* _RECORDED INFORMATION_

◆ ◆ ◆ ◆ ◆ ◆ ◆

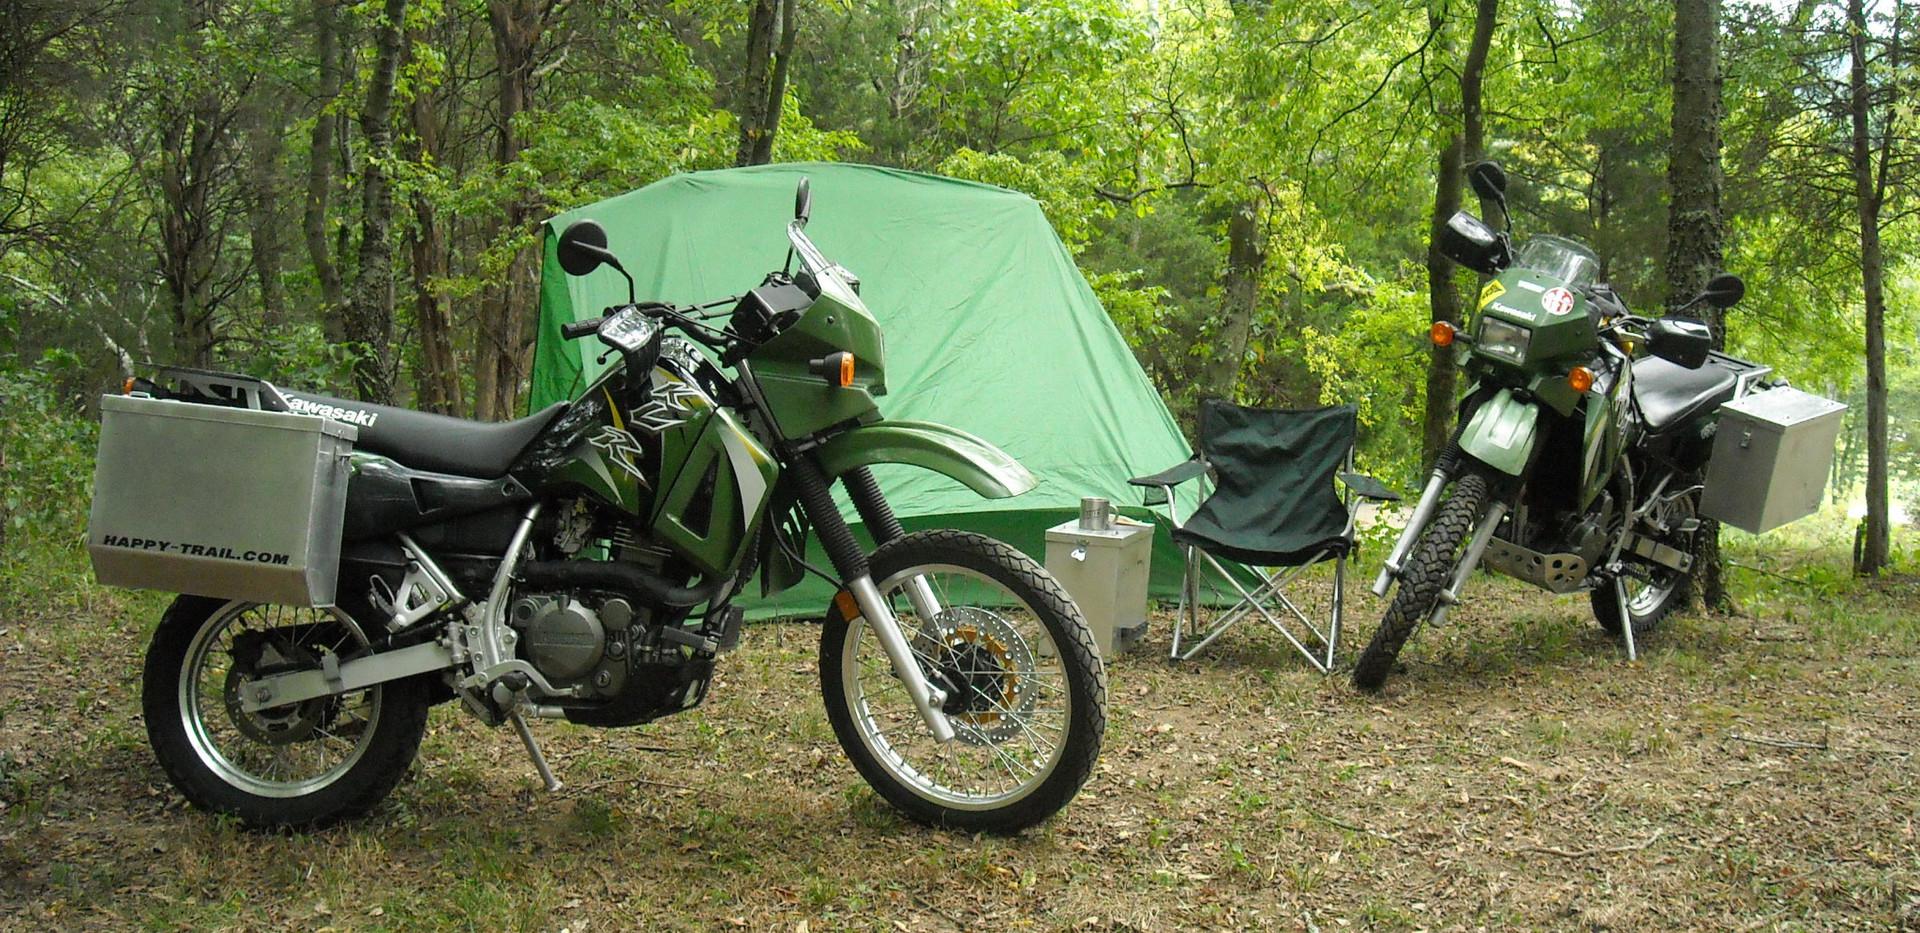 motorcycle-camping.jpg
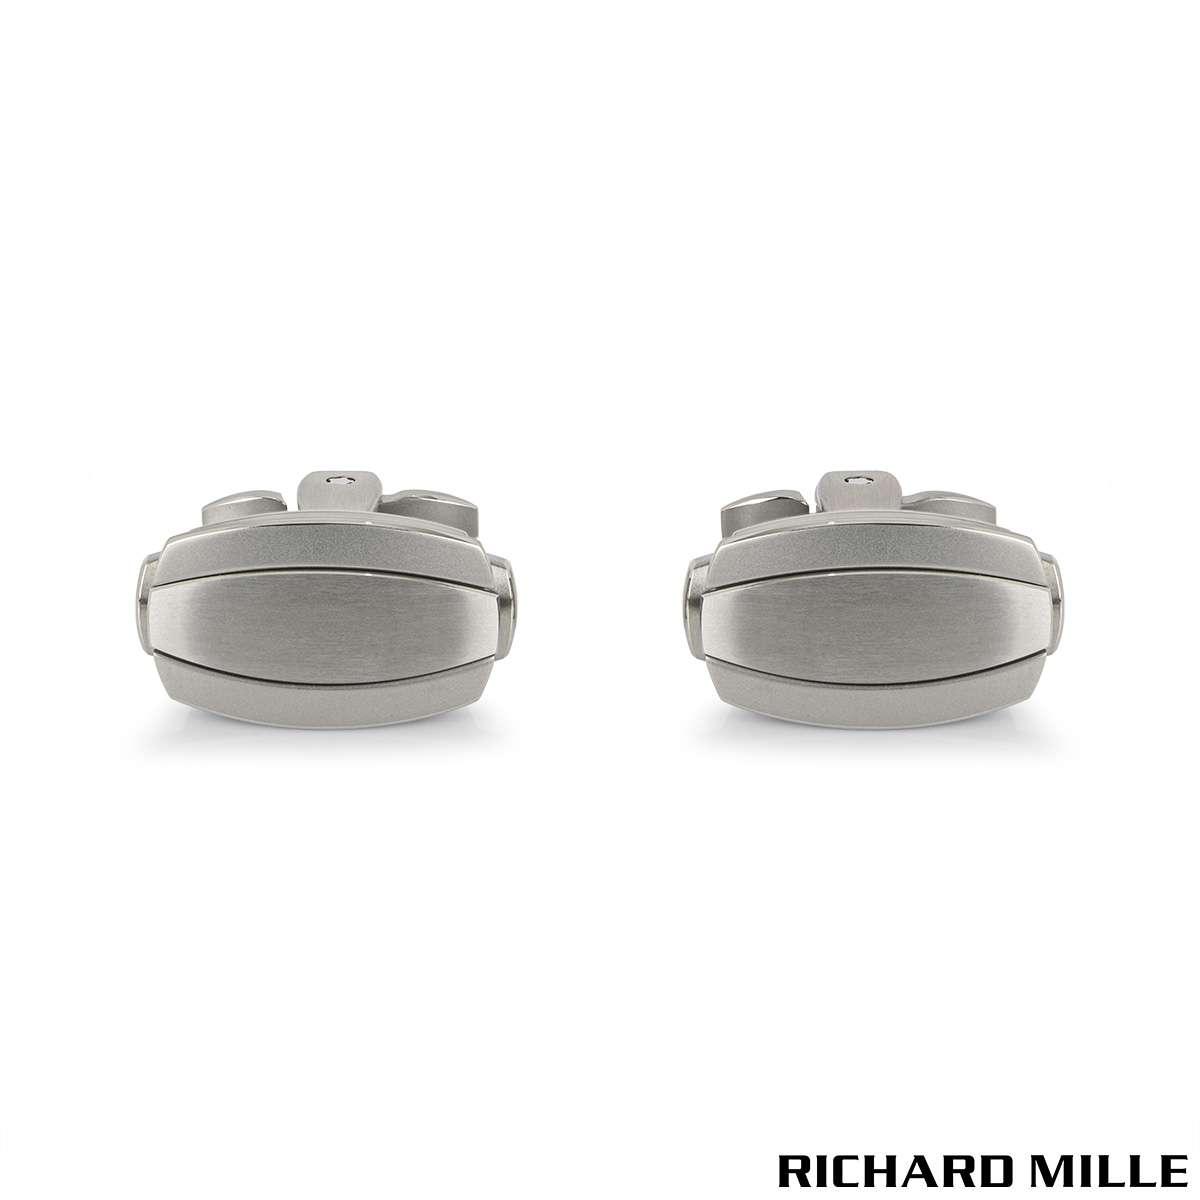 Richard Mille Titanium Automatic Cufflinks
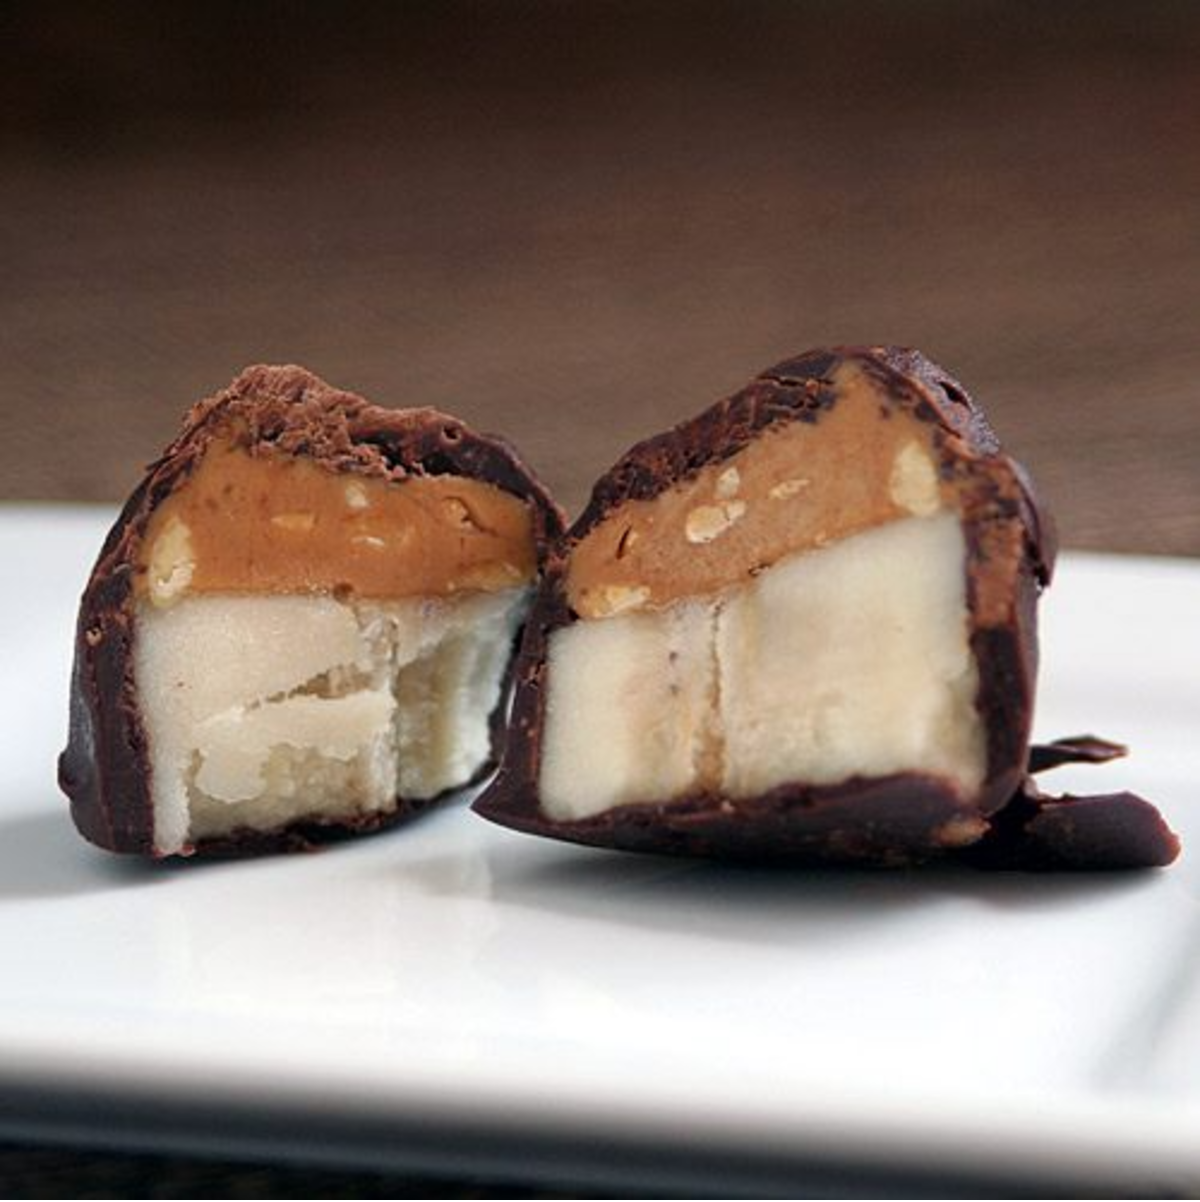 peanut butter banana bites cut in half
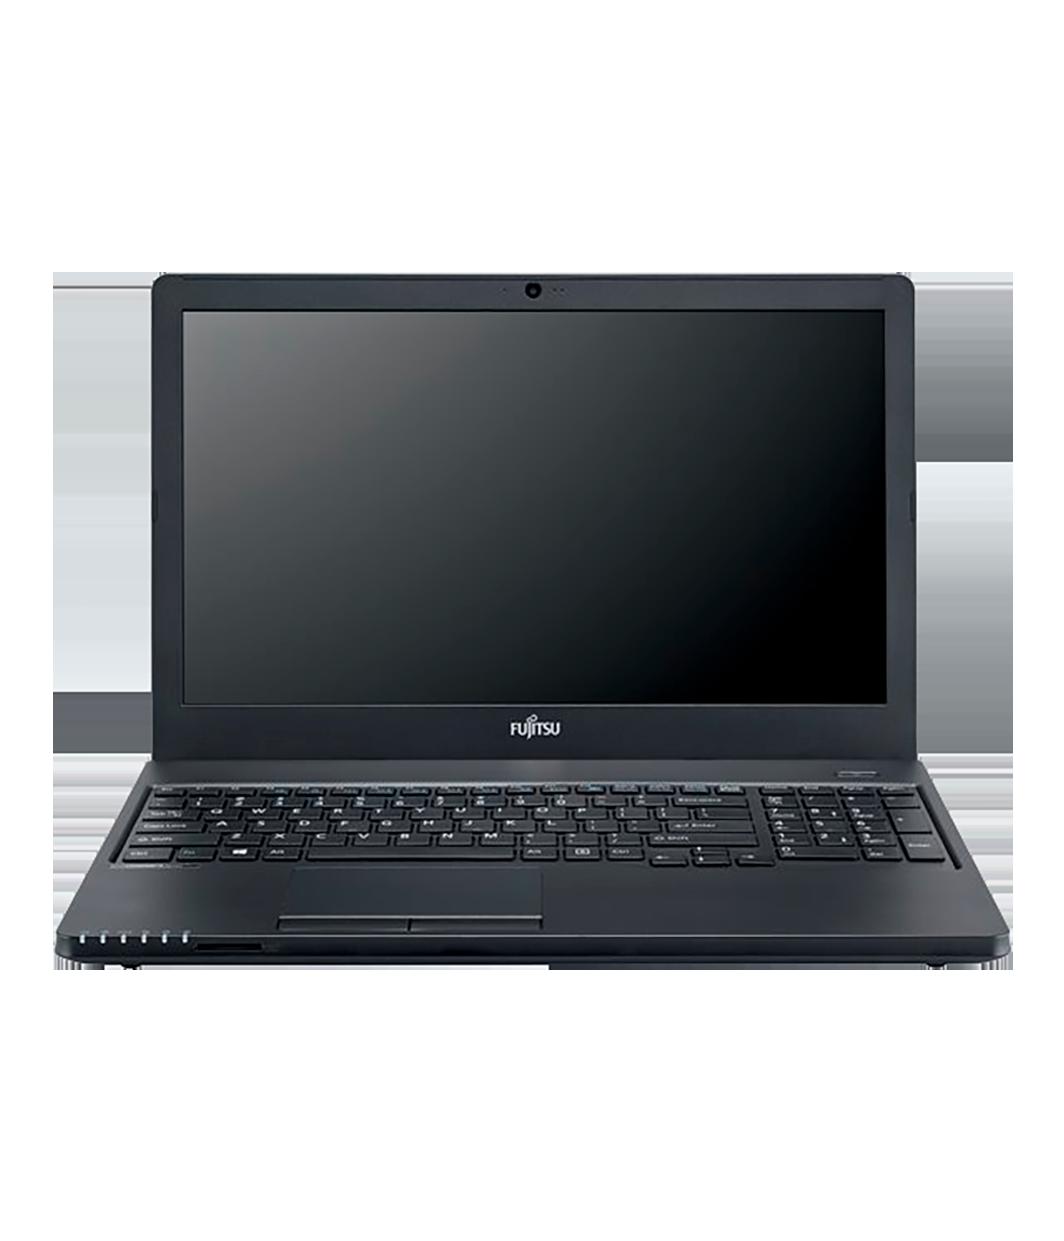 Fujitsu LIFEBOOK A555 128GB

◆ ◆ ◆ ◆ ◆ ◆ ◆

Only the lines from the one with "Richard Mille Titanium Automatic Cufflinks" through the end of the listing above should be output, exactly as written and with no pictures.

 Richard Mille Titanium Automatic Cufflinks
 peanut butter banana bites cut in half
 Fujitsu LIFEBOOK A555 128GB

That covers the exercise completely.